Falling cost of renewables
But NAO also argued that the case for Hinkley Point C (HPC) may have declined because of the falling costs of solar and wind technology in recent years. “One of the [government’s] main reasons for including nuclear power in the generating mix is that it provides baseload capacity to complement the intermittency of renewable sources like wind and solar. If major advances are made in storage technology, electricity from wind and solar could be captured and used when the wind stops blowing or the sun stops shining.”
EDF expects HPC to cost £18bn to build over 10 years, excluding financing costs, but there are also costs to deal with spent nuclear fuel, and decommissioning the facility once it has stops generating.
NAO also warns that, as part of the government’s deal for HPC, the UK has provisionally agreed to guarantee up to £2bn of bonds that HPC developer, NNBG – a joint venture between EDF and Chinese state firms – will issue to finance HPC’s construction repayable by the developer in 2020. If the developer fails to repay and the government’s guarantee is ever called, funds required would be drawn from government budgets: “Additionally, the HPC deal includes a Funded Decommissioning Programme, whereby the [government] stipulates an amount that NNBG must set aside to cover decommissioning costs. The government will be liable for any decommissioning costs above the amount NNBG sets aside.” NAO noted the government says the risk of this happening is very low.

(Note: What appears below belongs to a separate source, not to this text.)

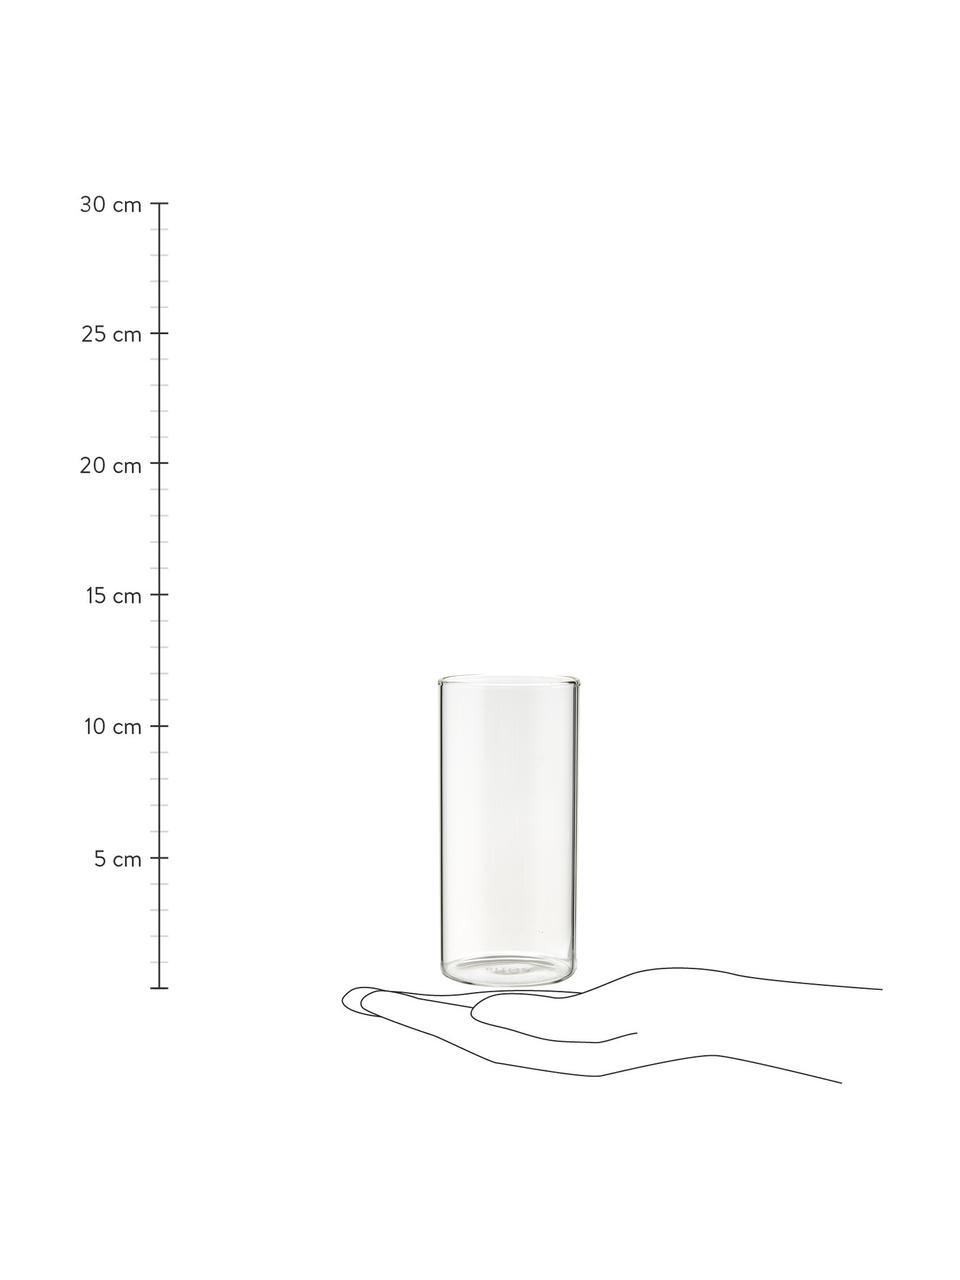 Bicchiere acqua in vetro borosilicato Boro 6 pz, Vetro borosilicato, Trasparente, Ø 6 x Alt. 12 cm
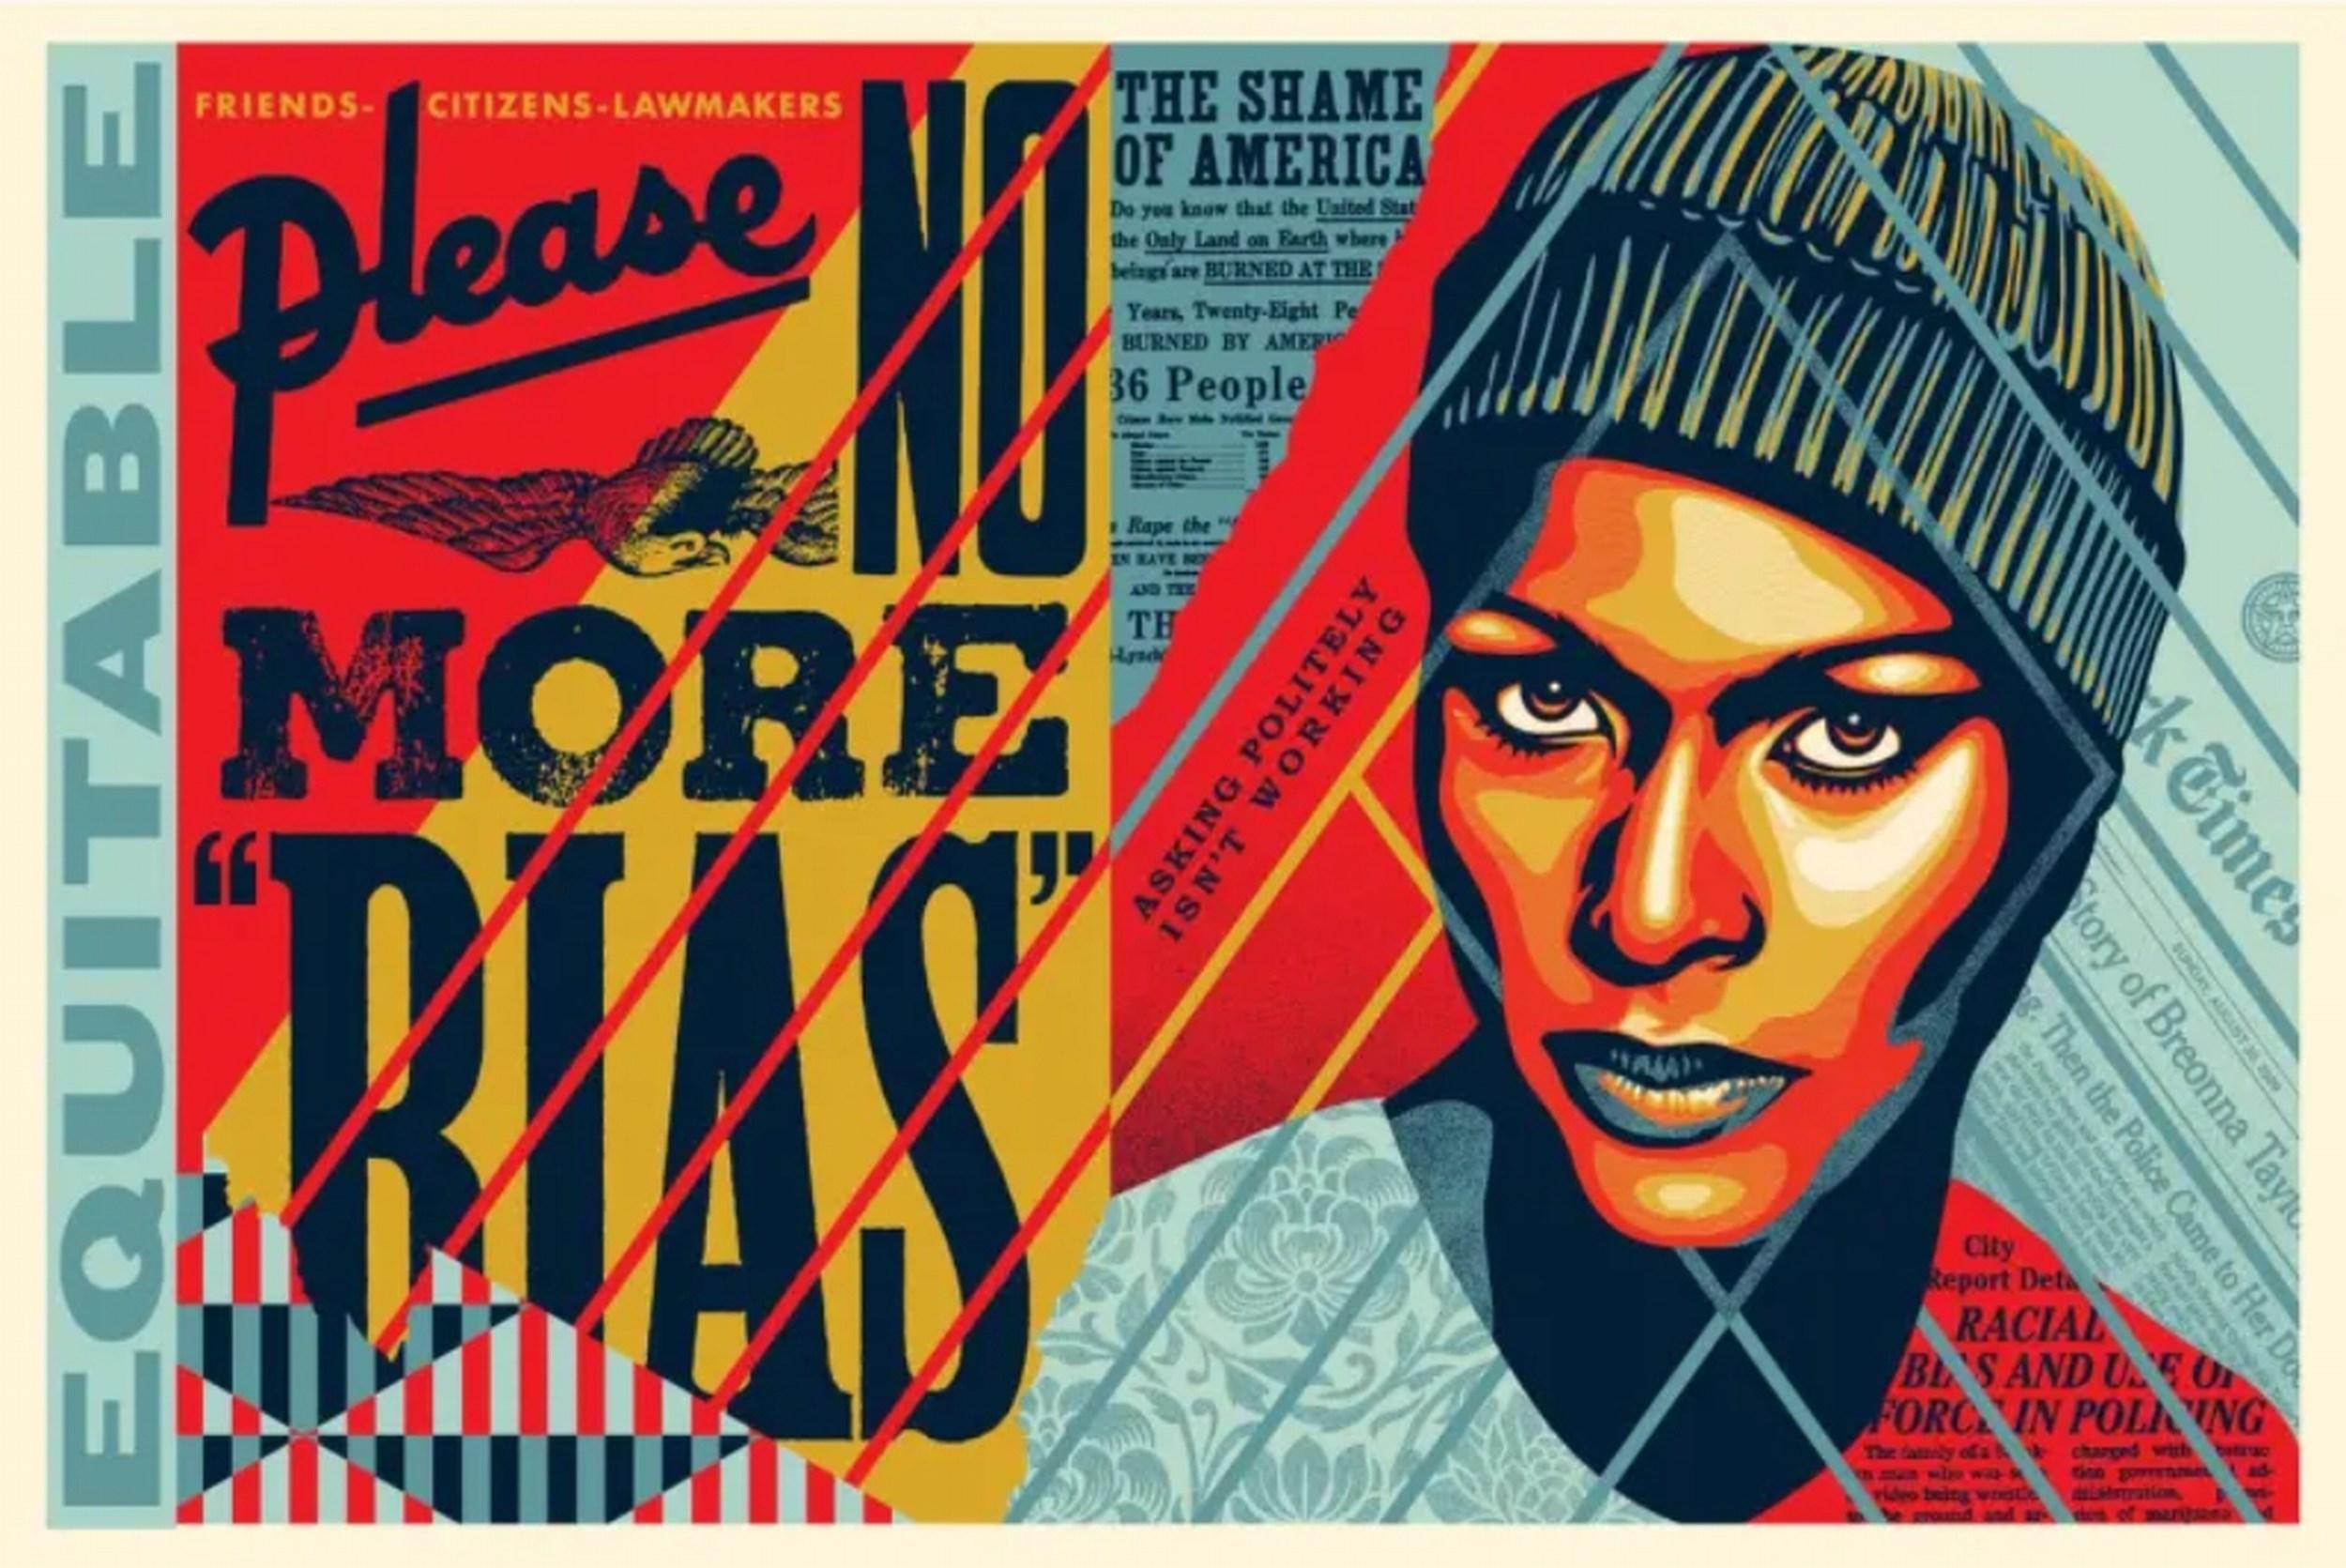 Shepard Fairey Portrait Print – No More Bias (Tyre Nichols, Memphis, schreien, Rassentrennung, Polizei brutalität)

A week ago, a government estimate of £37bn [£36,963.64 mn] was published for the total budgeted whole-life cost of HPC, including non-governmental spending. This reflects not what consumers will ultimately pay, but instead the difference between the cost of power from the new plant and the projected wholesale cost of electricity at the time – and is far higher than a government estimate just a year ago.
France is poised to inject €3bn into EDF, which is 84.5% state-owned, late in July. Due on stream originally in 2017, now 2025 is the earliest start-up date for HPC, which might now rely on more Chinese money than at present. Yet on June 28, French economy minister Emmanuel Macron – who has backed HPC all along – said his government is still backing the investment by EDF, despite the Brexit vote. The final investment decision, due in September, rests with EDF and its Chinese partners.
The Flamanville 3 new nuclear reactor being built by EDF in northern France is years behind schedule and billions of euros over its original budget (Photo credit: (c) EDF)
Campaigners such as Greenpeace, but also many mainstream economists, oppose the project – not least because of budget blowouts and delays at projects similar to HPC in Finland and France.